Retail customers walk & search across store aisles and pick up products. The list of products in the customers’ basket depends on customers’ actual and perceived need. The perceived need could be generated and altered by the promotions and offers.
I am sure it would have happened to you. When you went a supermarket to buy couple of products, but ended up buying a lot of additional products. Whether you realize or not the additional products selections are driven by the promotions in the store.
In another scenario, a supermarket advertised discounts on a list of items if purchased together. For example, if a customer buys 5Kg floor, 5Litre Oil and 5Kg Sugar then overall cost 20% less. The customer may not require buying sugar but s/he is buying due to the offer.
The product combinations in an advertisement and the in-store promotions could be developed based on the customers’ transaction patterns and product basket analysis. But those may not necessarily align to individual customer needs.
A few and probably quite a few customers visit different aisles and SKUs, looks at the products but do not put in the basket. Hypothesis is that if a customer visit an aisle and spend time looking at the product SKUs, the customer have the need. The need is expected to be stronger than the perceived need or the identified by statistical models.

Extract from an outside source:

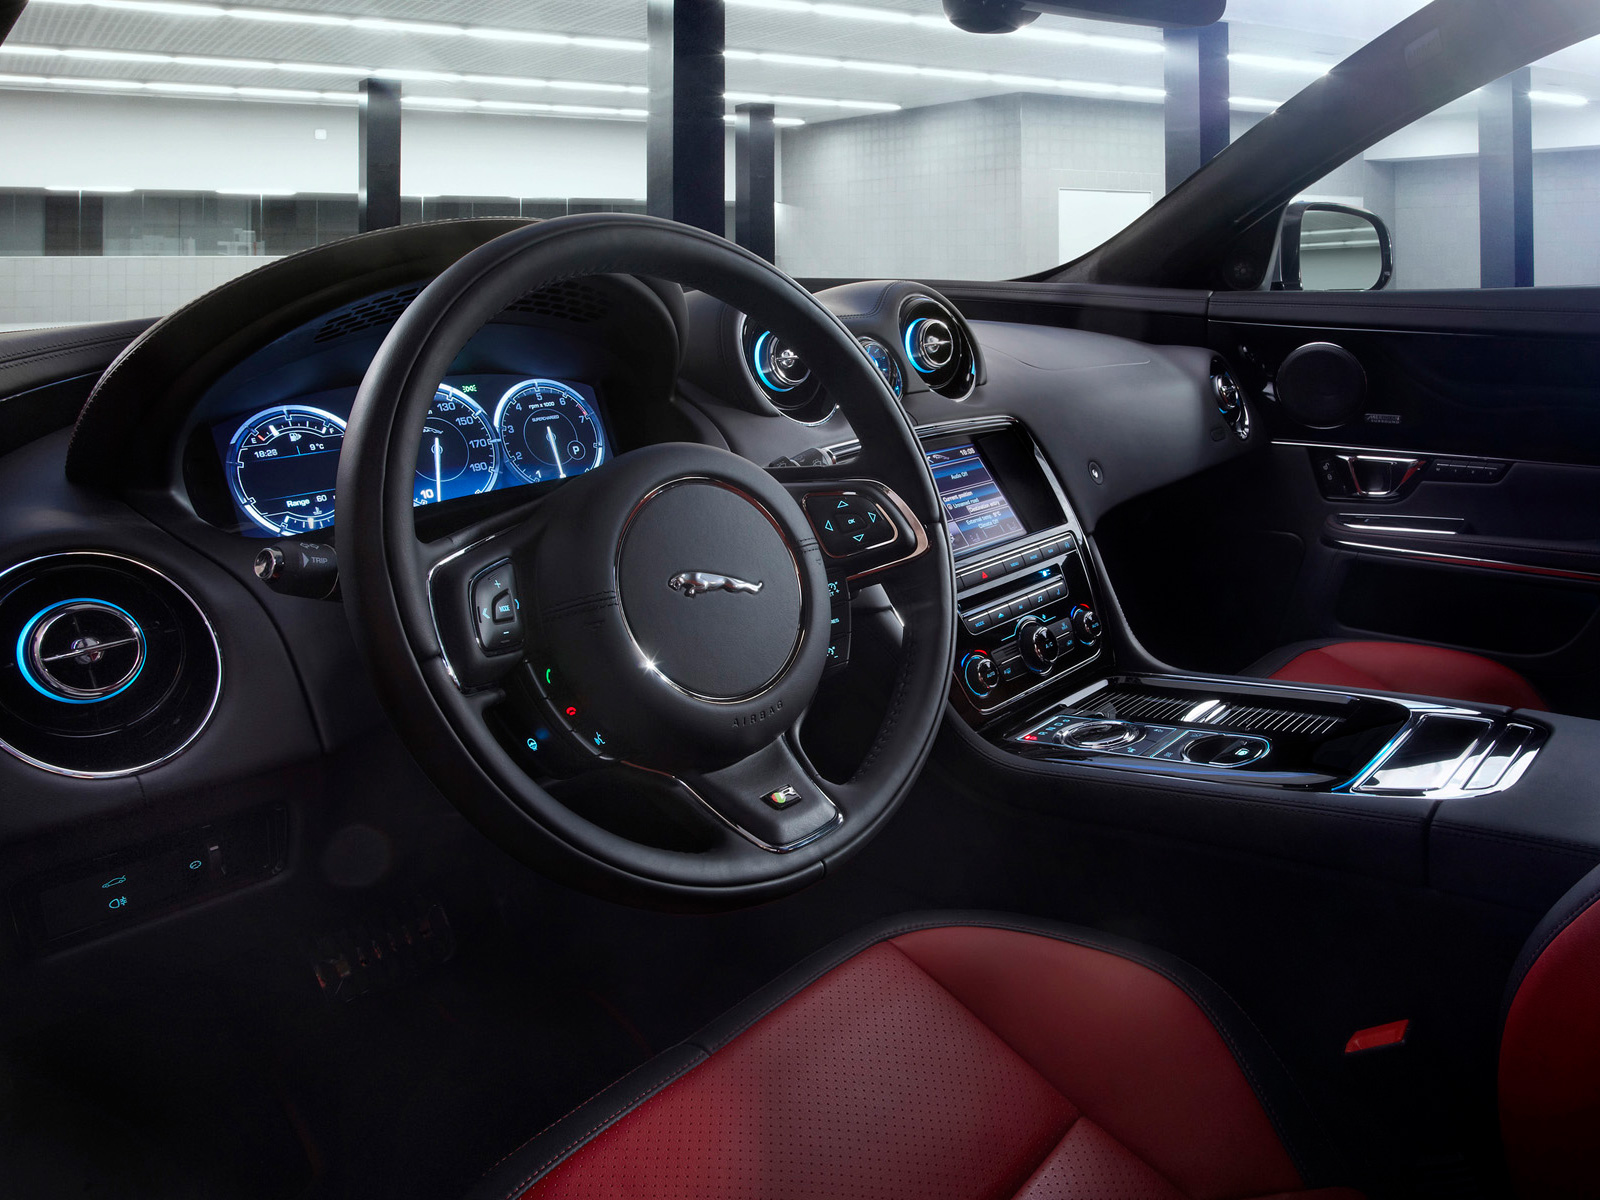 International, 2013-Jaguar-XJR-Interior: New XJR 2013, Sedan Mewah Terbaru Jaguar
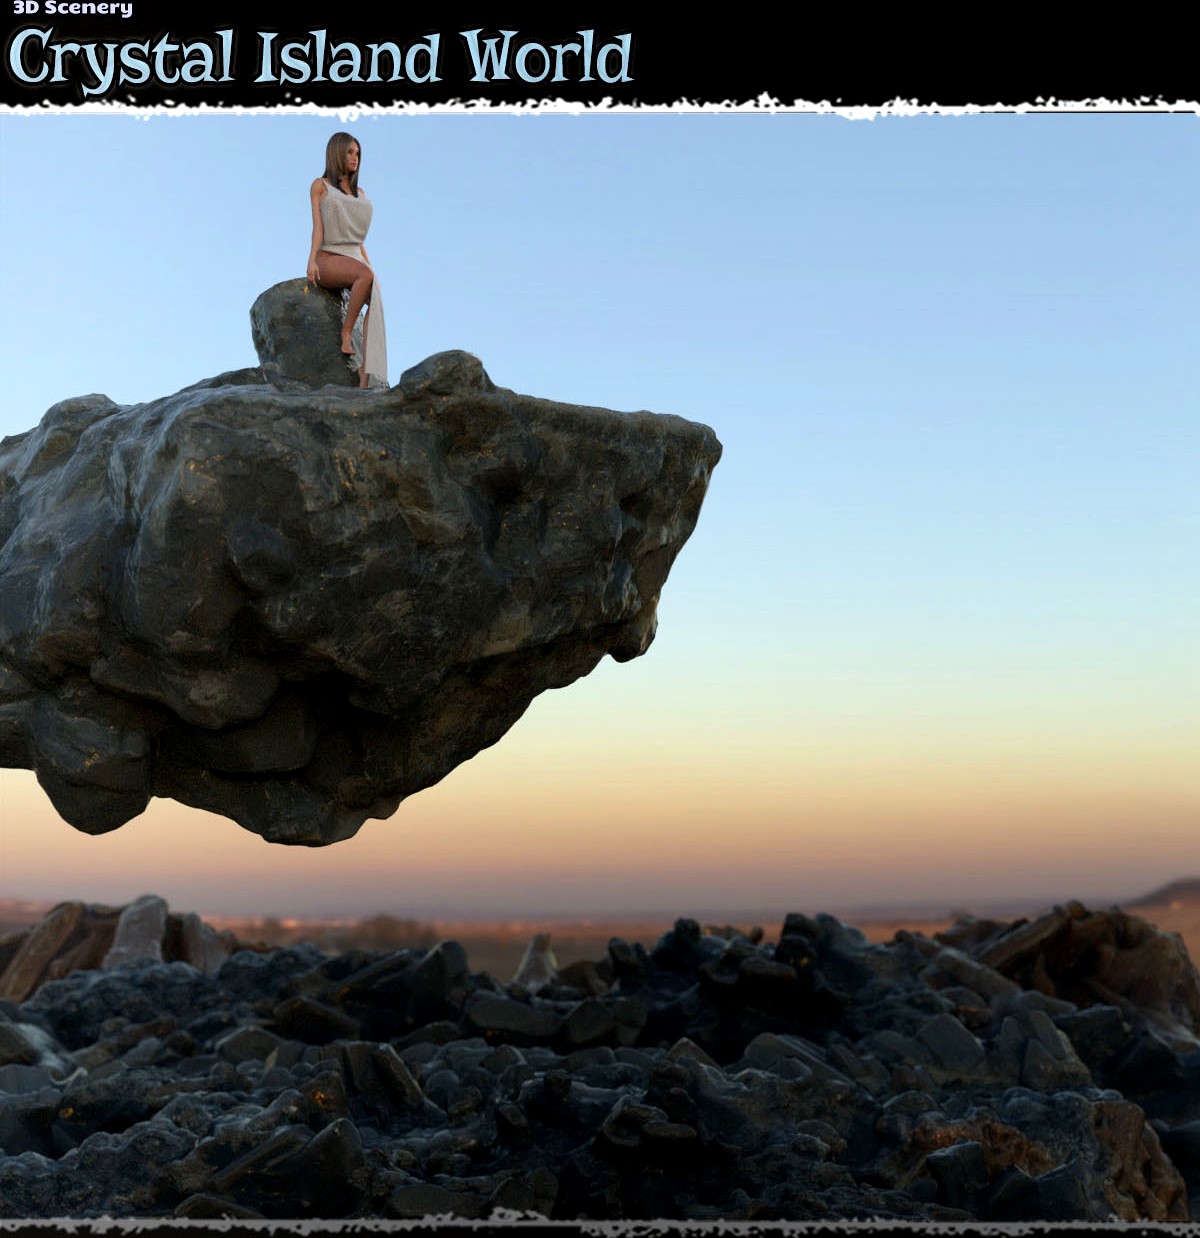 3D Scenery: Crystal Island World

Critical and key points are tracking customer movement across store aisles and identifying the product SKUs which the customer have looked at and the amount of time spend by the customers.
When the customer completes its basket and reaches the counter, based on the above information, the customer’s basket and historical spending pattern, a real time and personalized offer could be solicited to the customer. The offer so made will be far more effective and personalized to the customers.
The processing of the above the information in real time requires sophisticated algorithms and analysis capability. The big data platform and big data analytics could be looked at as a potential solution.